[[ DATASET SECTION open ]]
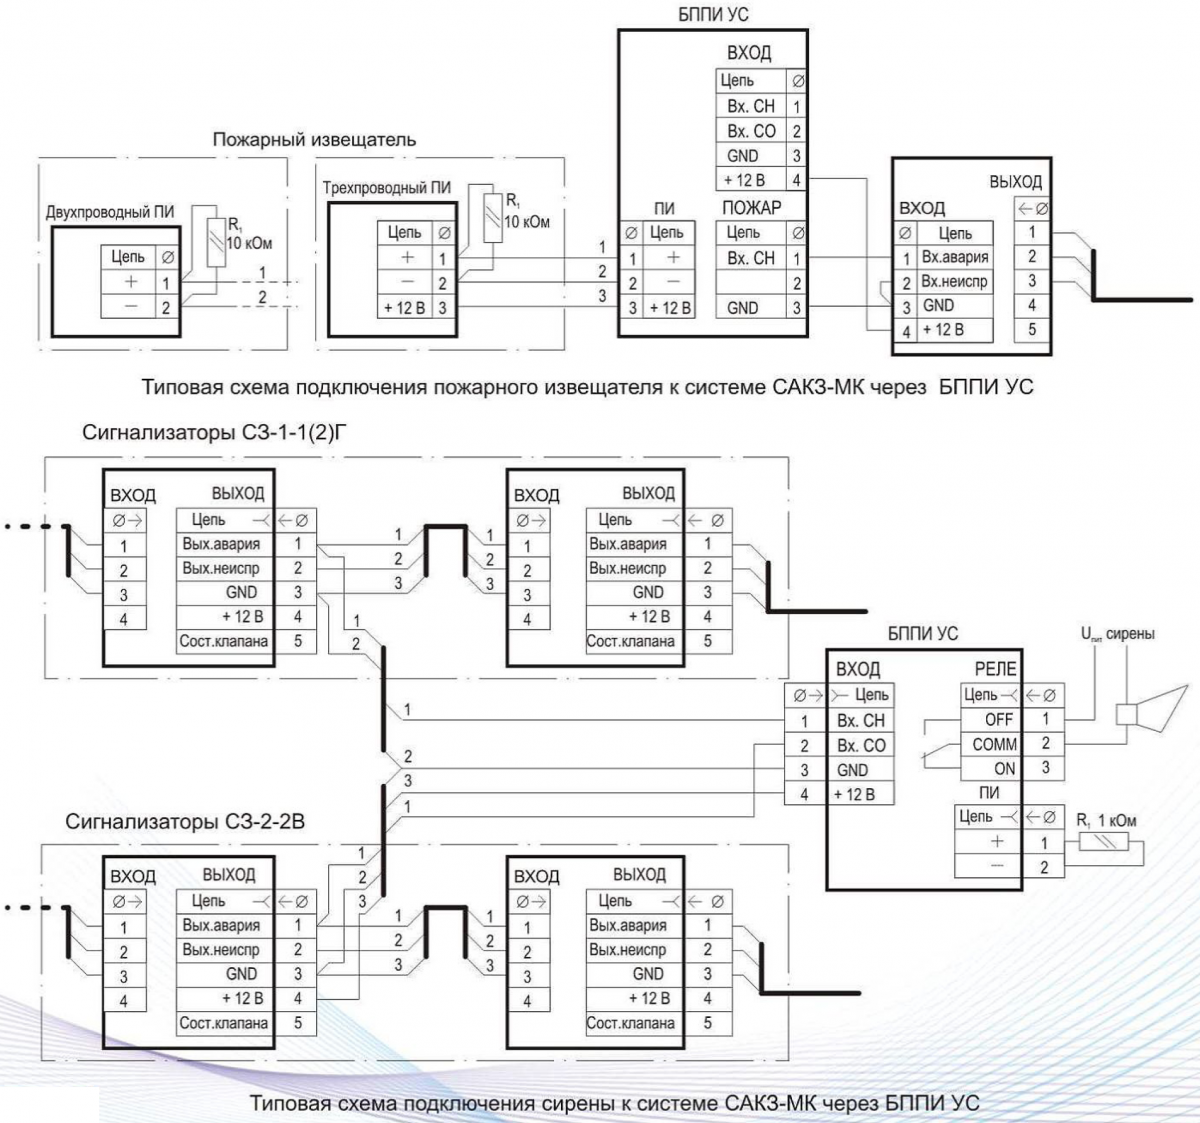 Схема сигнализатора загазованности сз-1-1г
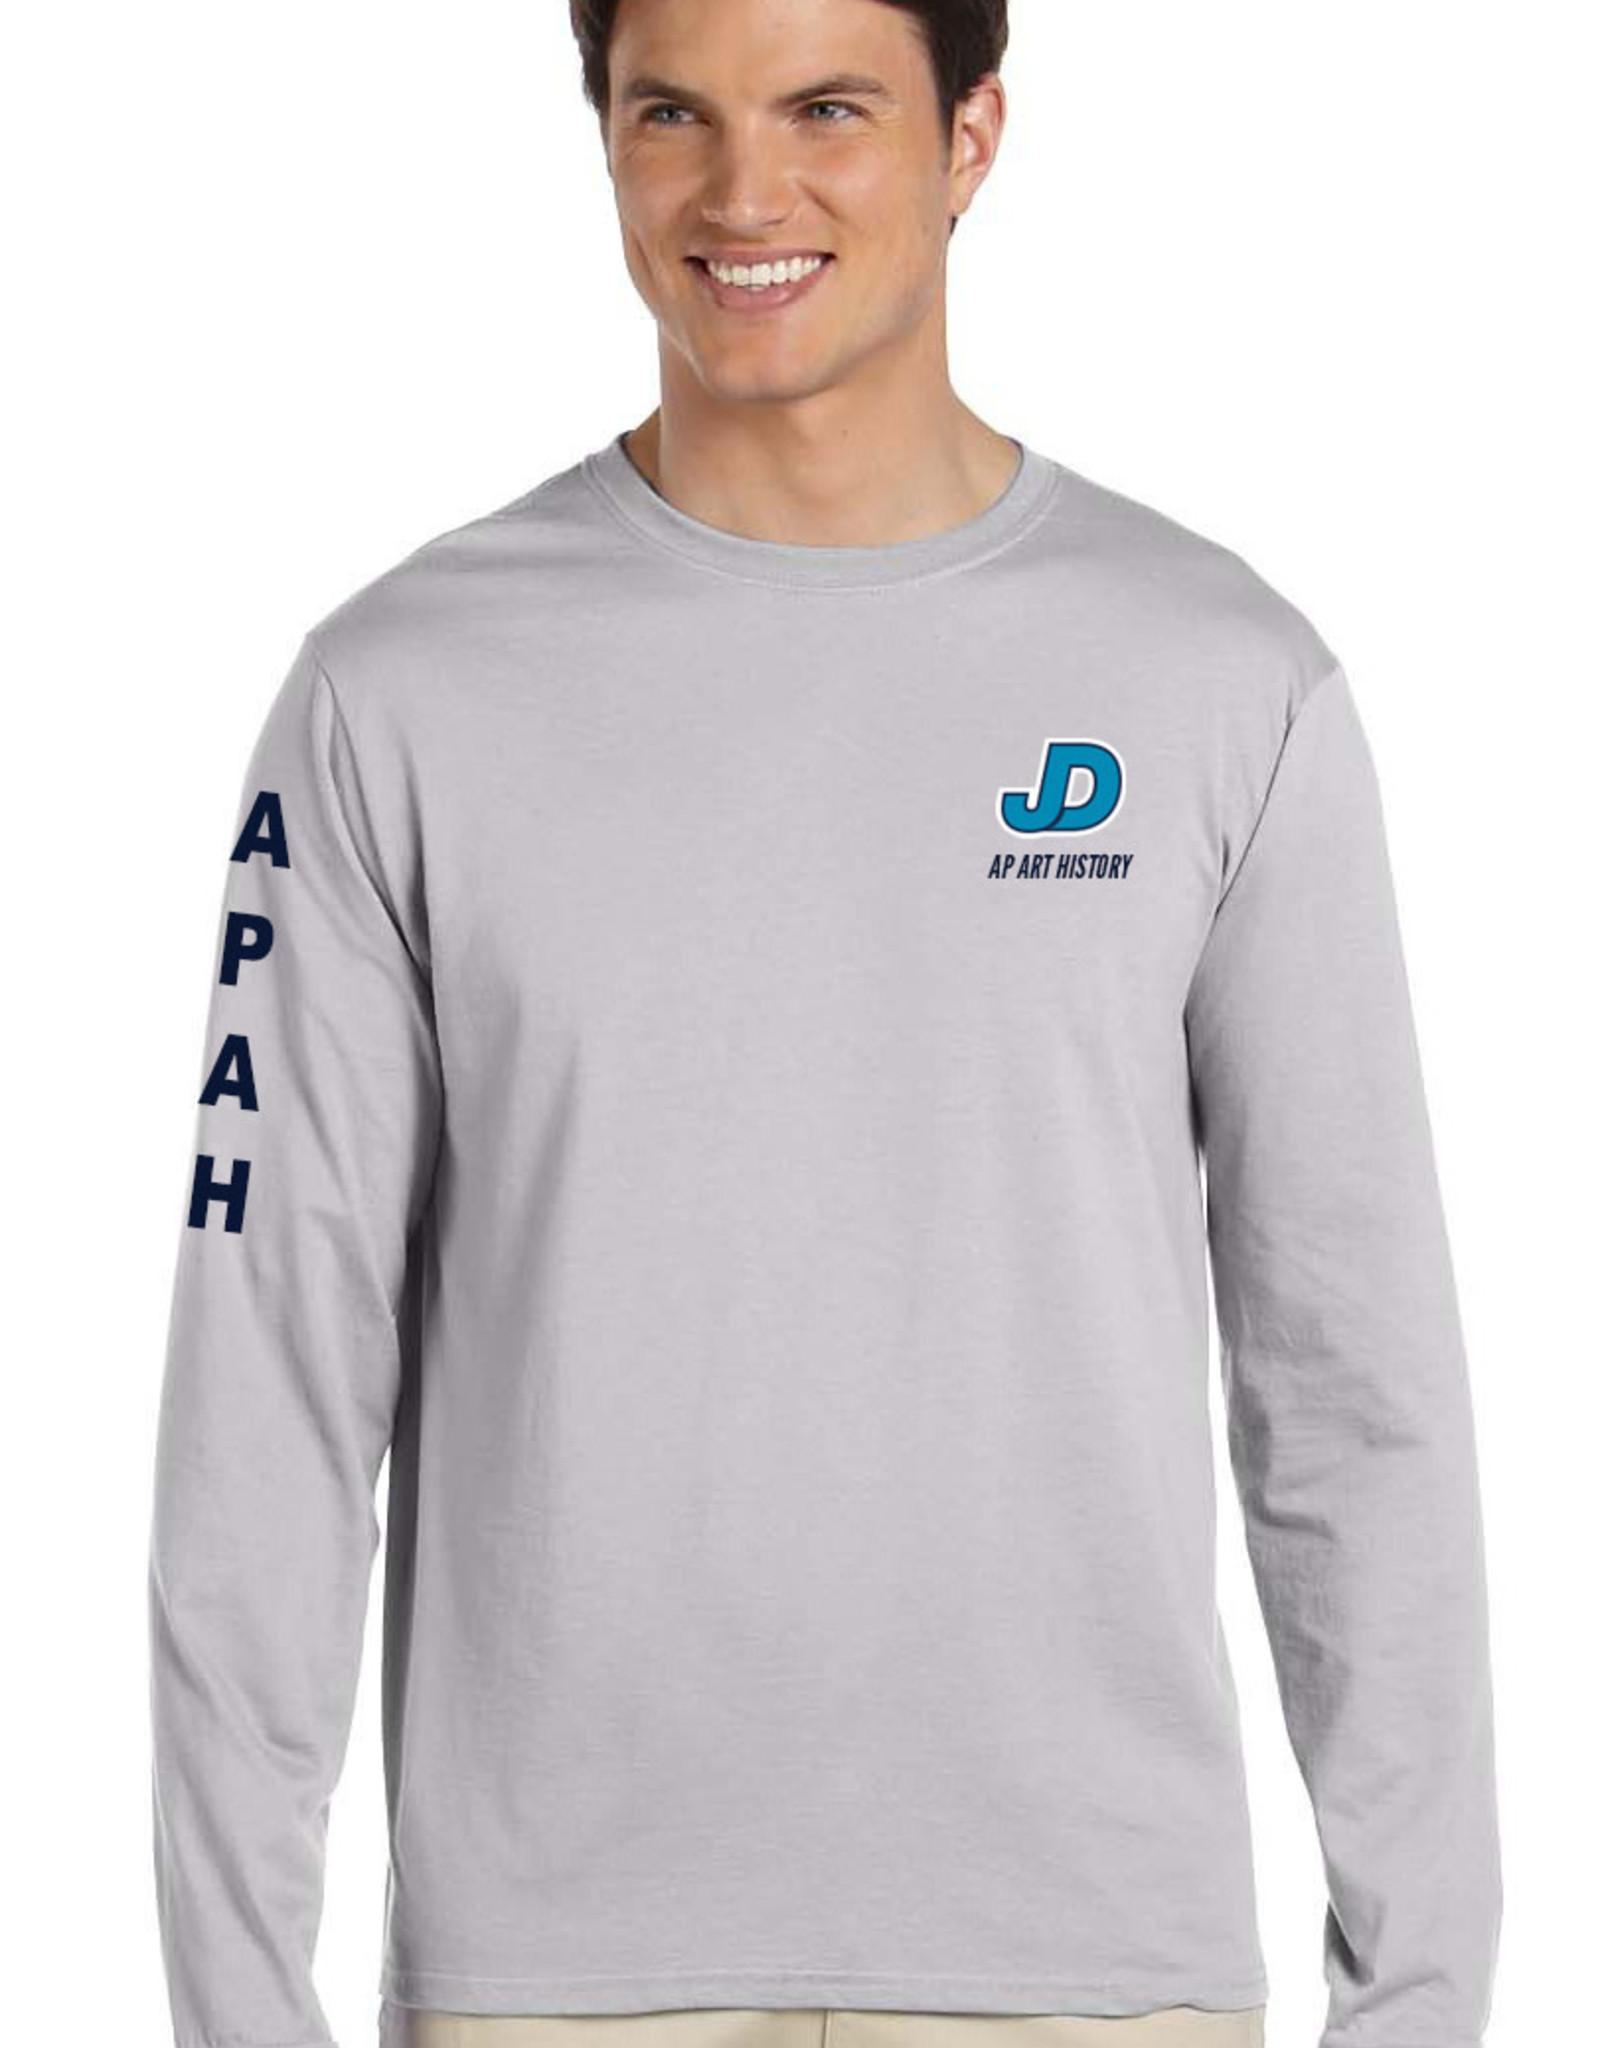 NON-UNIFORM JD AP Art History Unisex Long Sleeve Shirt, Gray
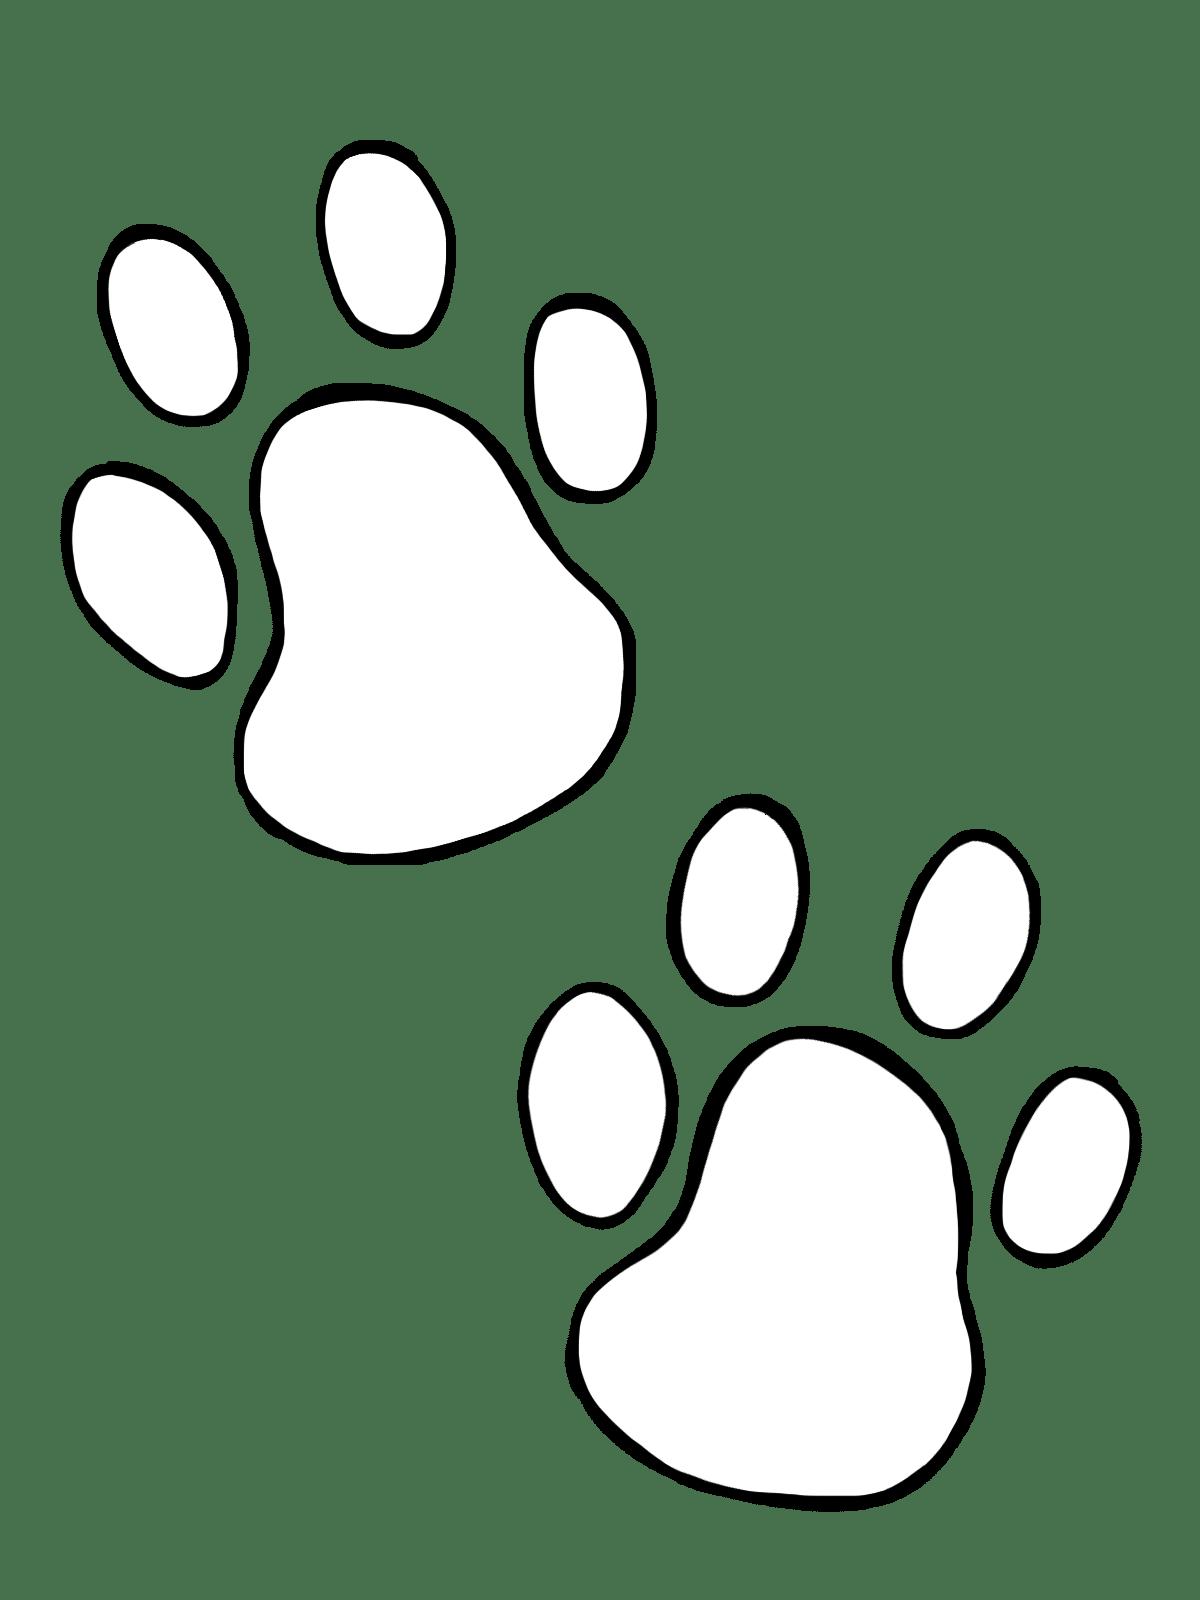 Dog Paws Clip Art
[[ DATASET SECTION closed ]]
* WHAT THE TASK REQUIRES:
The result should be the listing above, restated exactly, with no pictures in it.

* RESULT BELOW:
 Схема сигнализатора загазованности сз-1-1г
 NON-UNIFORM JD AP Art History Unisex Long Sleeve Shirt, Gray
 Dog Paws Clip Art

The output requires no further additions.